Stéphane Déo (Ostrum AM): la BCE ha reagito più velocemente e più aggressivamente della BoJ, ma non è detto che i risultati sui tassi di interesse siano diversi
Molti parlano di vera e propria Japanification dell'area Euro, ma la risposta è eterogenea. Alcuni tratti in comune sono innegabili: per esempio la traiettoria di crescita, il trend demografico naturalmente, ma anche l'eredità della crisi in termini di convalescenza del settore finanziario.
Non mancano tuttavia le divergenze su aspetti di fondamentale importanza, in special modo per quanto riguarda l'intonazione della politica monetaria. Il risultato su alcuni aspetti non è univoco con, per esempio, una performance del mercato azionario che non ha ancora cancellato gli effetti della crisi, ma che sta mostrando un andamento molto più convincente nel Vecchio Continente.

Il punto principale è allora il fatto che i dubbi rimangono e che l'Eurozona è ancora a rischio.

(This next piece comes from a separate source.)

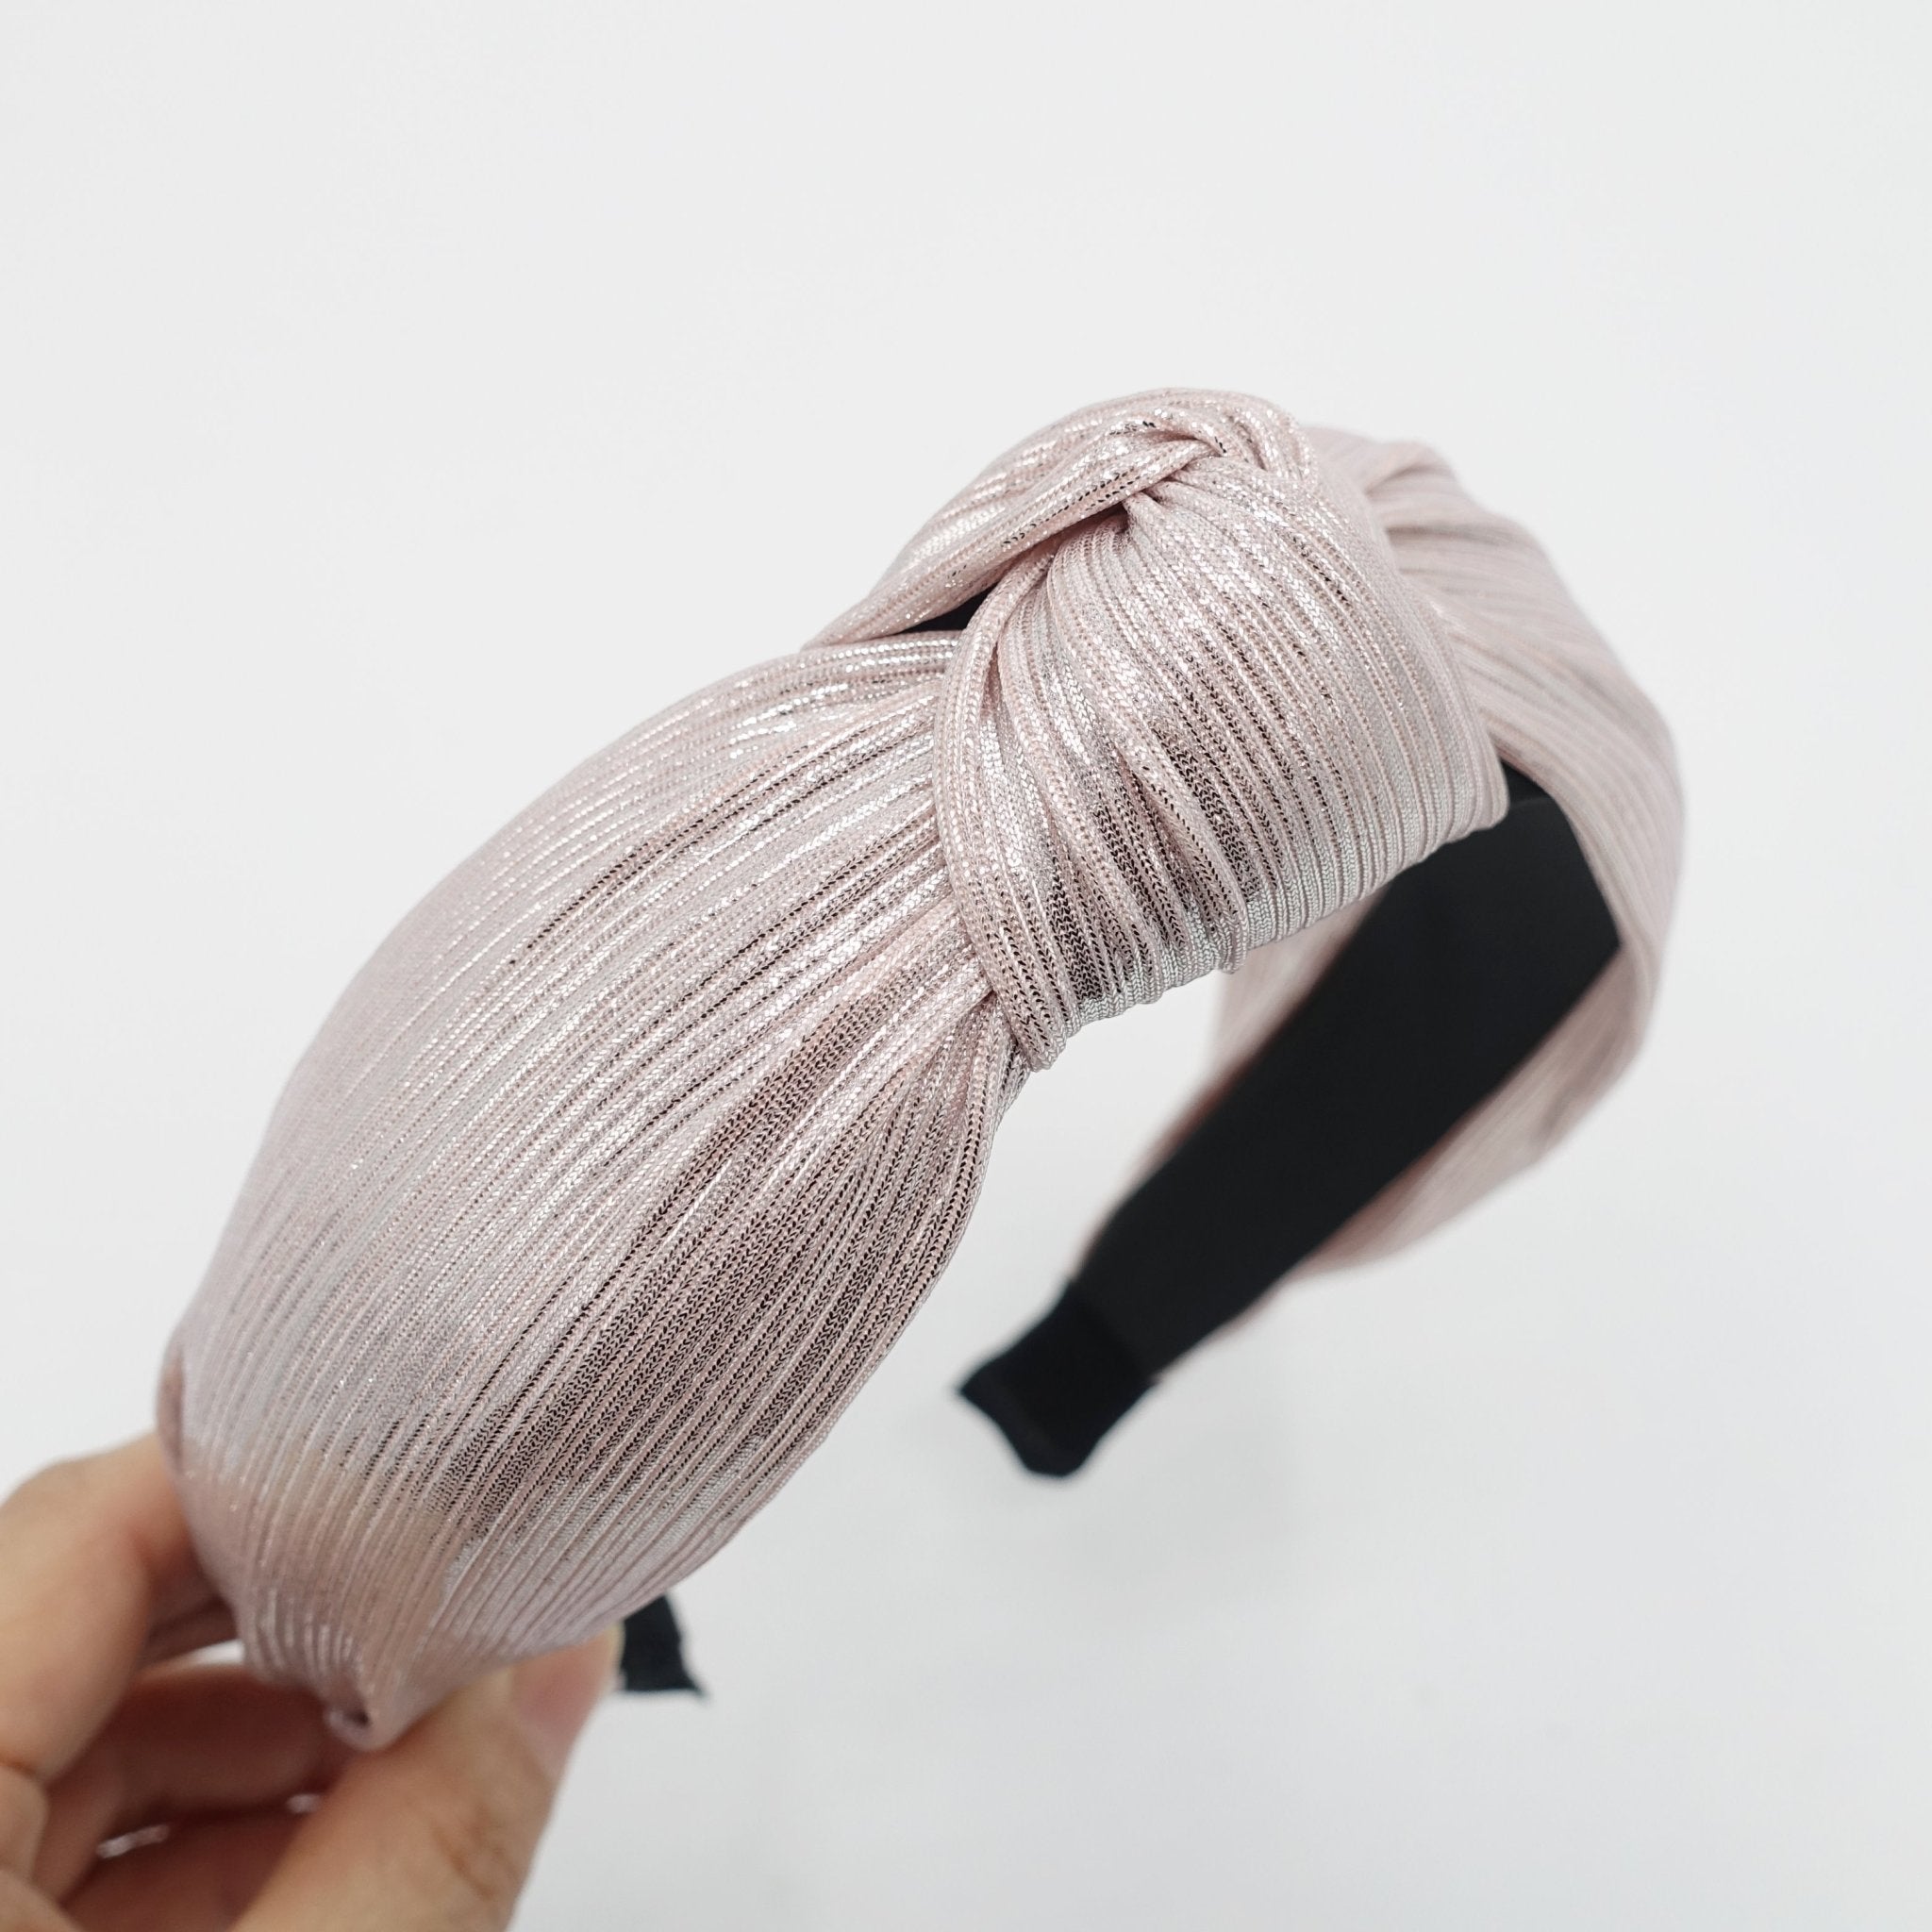 veryshine.com hairband/headband Indi pink super glossy fabric knotted headband shiny knotted hairband women hair accessory
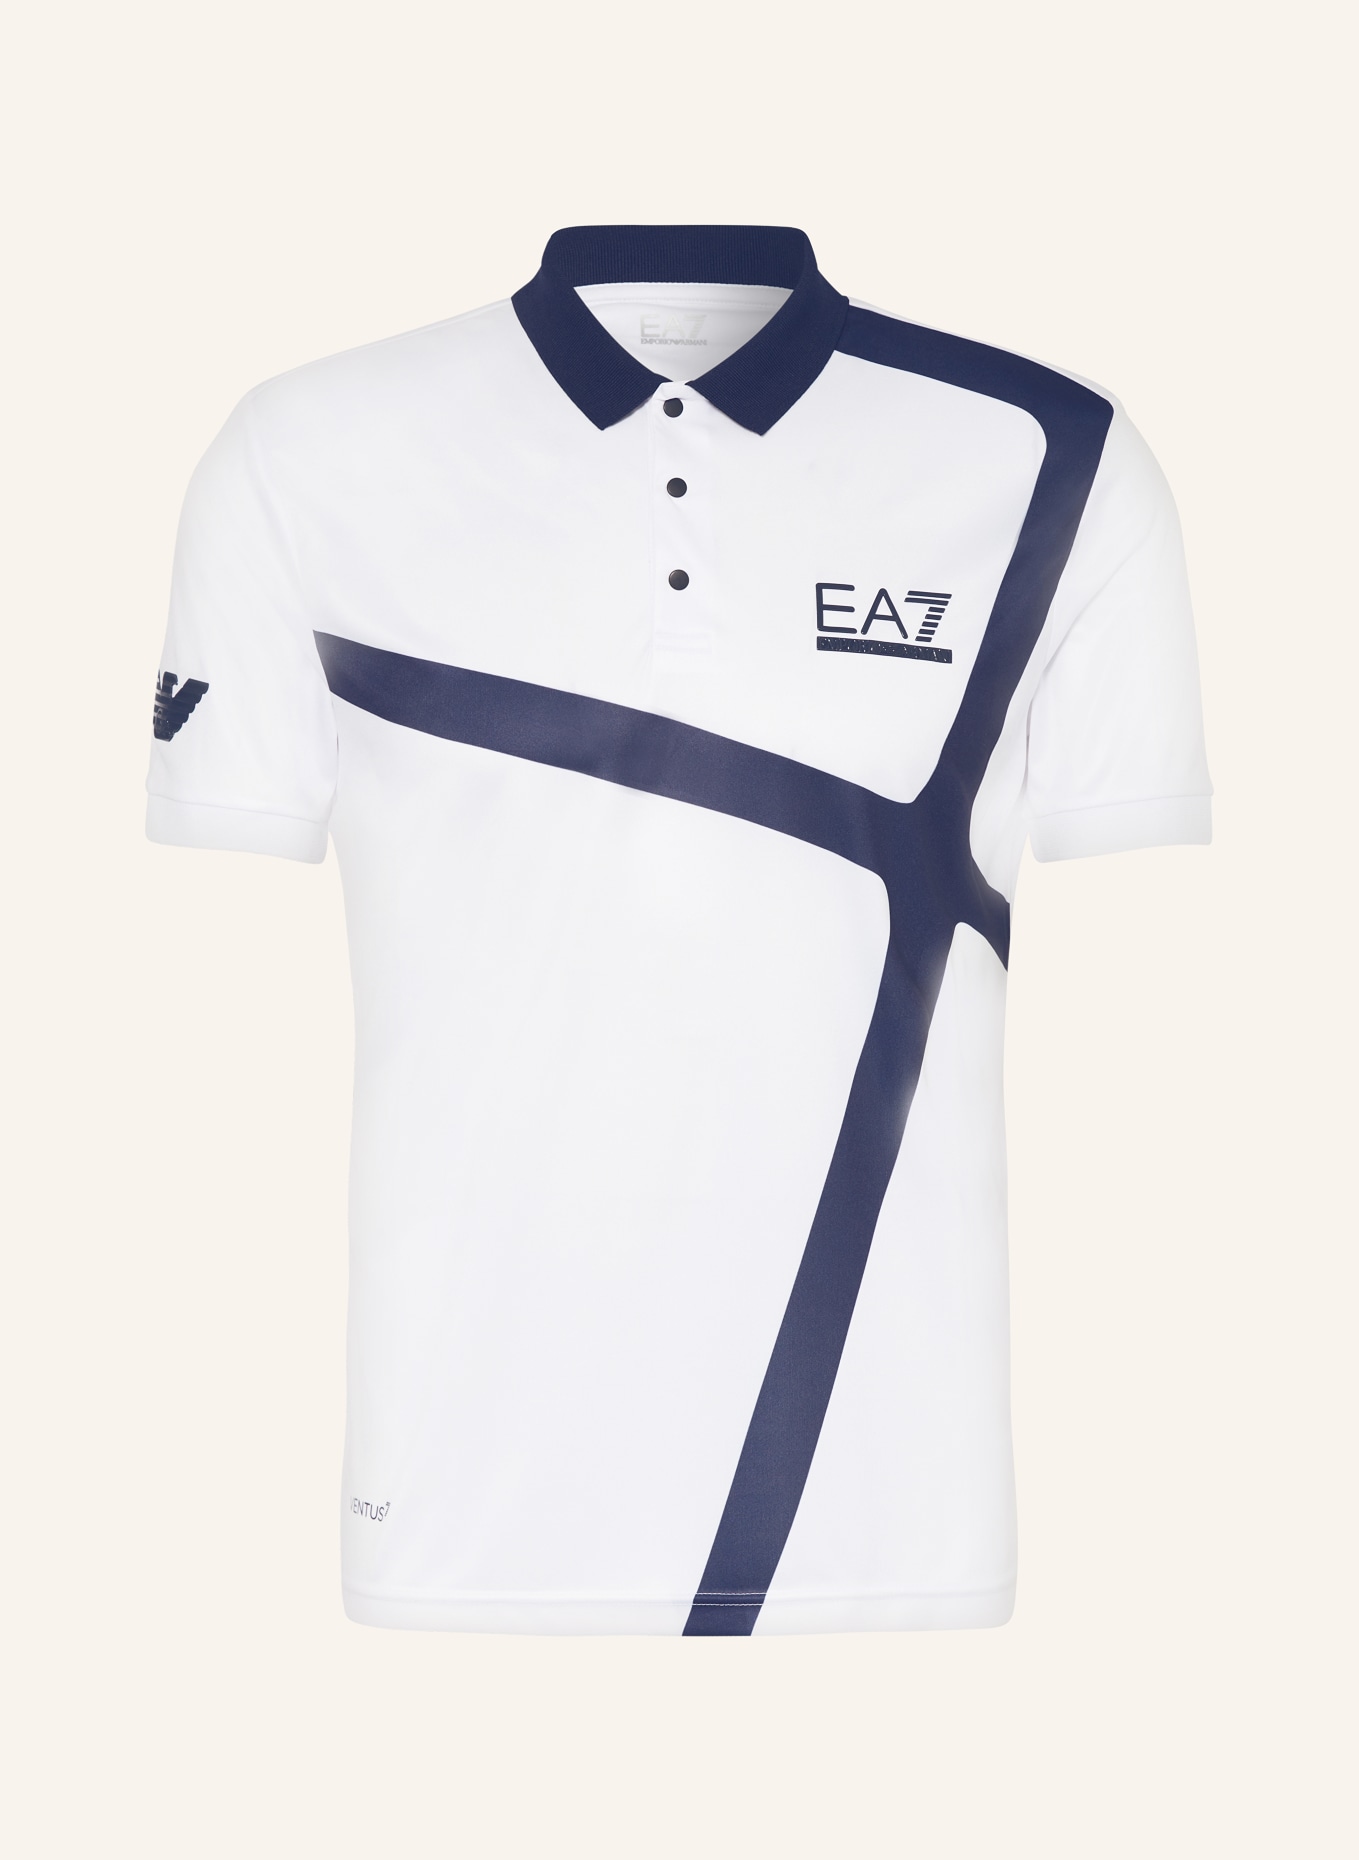 EA7 EMPORIO ARMANI Funktions-Poloshirt PRO, Farbe: WEISS/ DUNKELBLAU (Bild 1)

Senza dubbio ciò significa anche che gli sforzi fatti hanno messo il Vecchio Continente su una traiettoria diversa dal percorso intrapreso dal Giappone, ma anche che la battaglia è tutt'altro che vinta. Uno dei principali fattori del crollo giapponese è lo stato di salute del suo sistema finanziario, che ha zavorrato la crescita impedendo di fatto una ripresa più evidente.
L'andamento del settore bancario europeo è sorprendentemente vicino a quello nipponico, dato questo di certo preoccupante.
Se dovessimo evidenziare la più importante differenza tra l'esperienza giapponese ed europea, faremmo riferimento alla velocità e alla portata della risposta in termini di politica monetaria. La BoJ ha incassato più di una critica per la sua reazione ai maggiori problemi, giudicata troppo timida e tardiva.